- Data shown
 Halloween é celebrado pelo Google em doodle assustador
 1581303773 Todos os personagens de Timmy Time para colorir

* * *

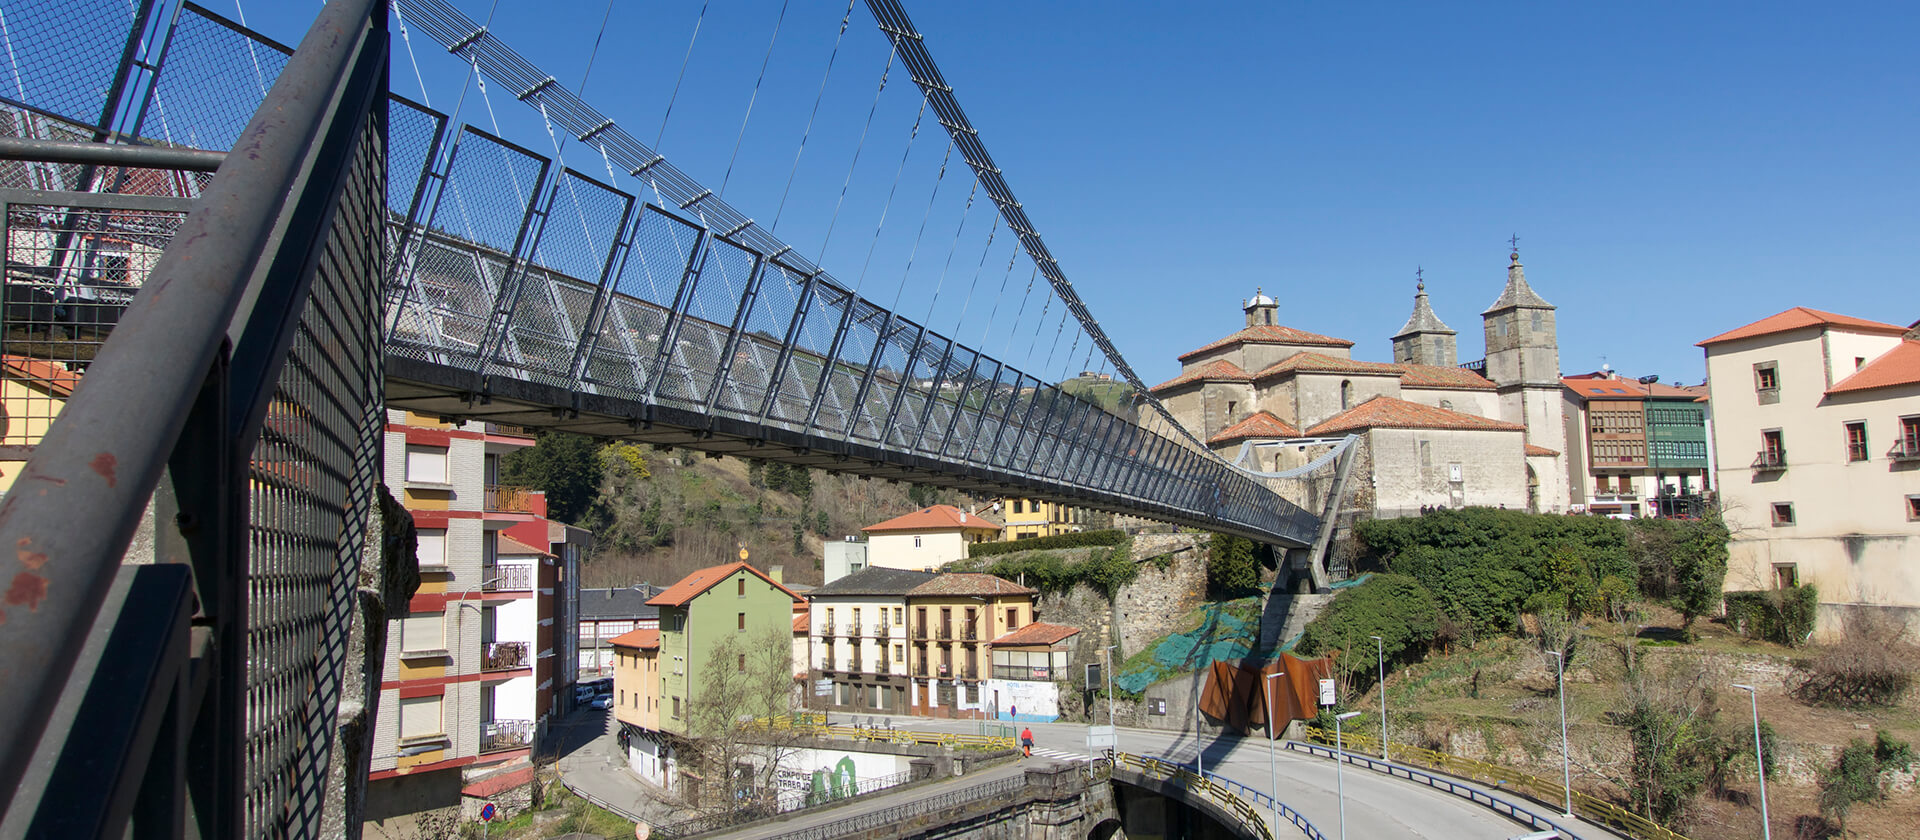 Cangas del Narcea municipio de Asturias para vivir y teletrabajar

...

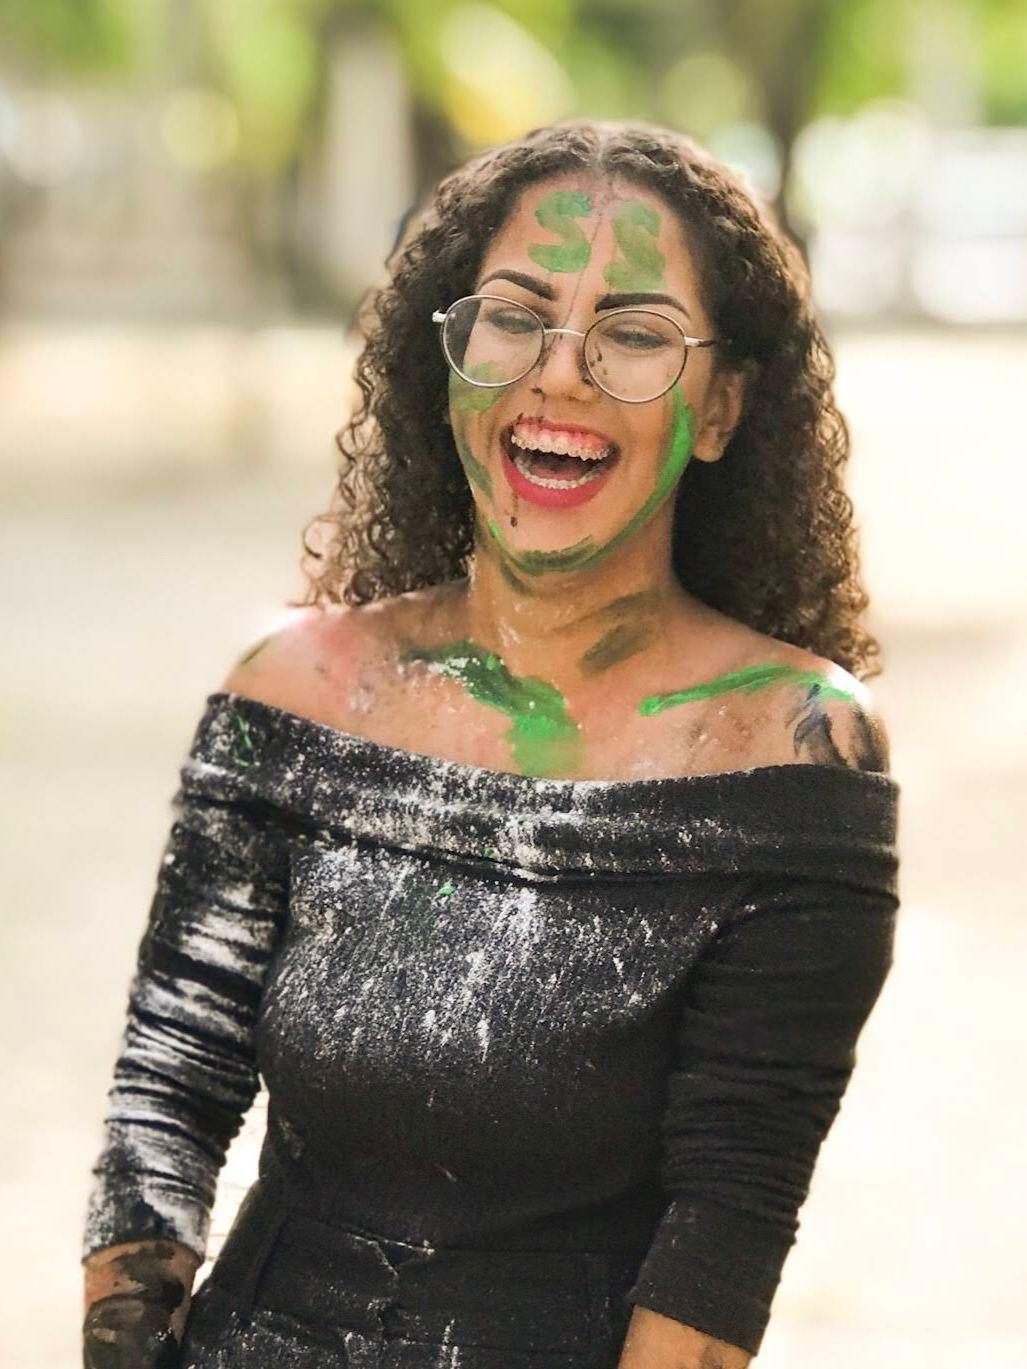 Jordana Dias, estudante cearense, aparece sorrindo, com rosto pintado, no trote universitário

- Work instructions
Using only the listing above, restate exactly the lines from the line containing "Halloween é celebrado" through the line containing "1581303773 Todos os", both included.

- Answer section
 Halloween é celebrado pelo Google em doodle assustador
 1581303773 Todos os personagens de Timmy Time para colorir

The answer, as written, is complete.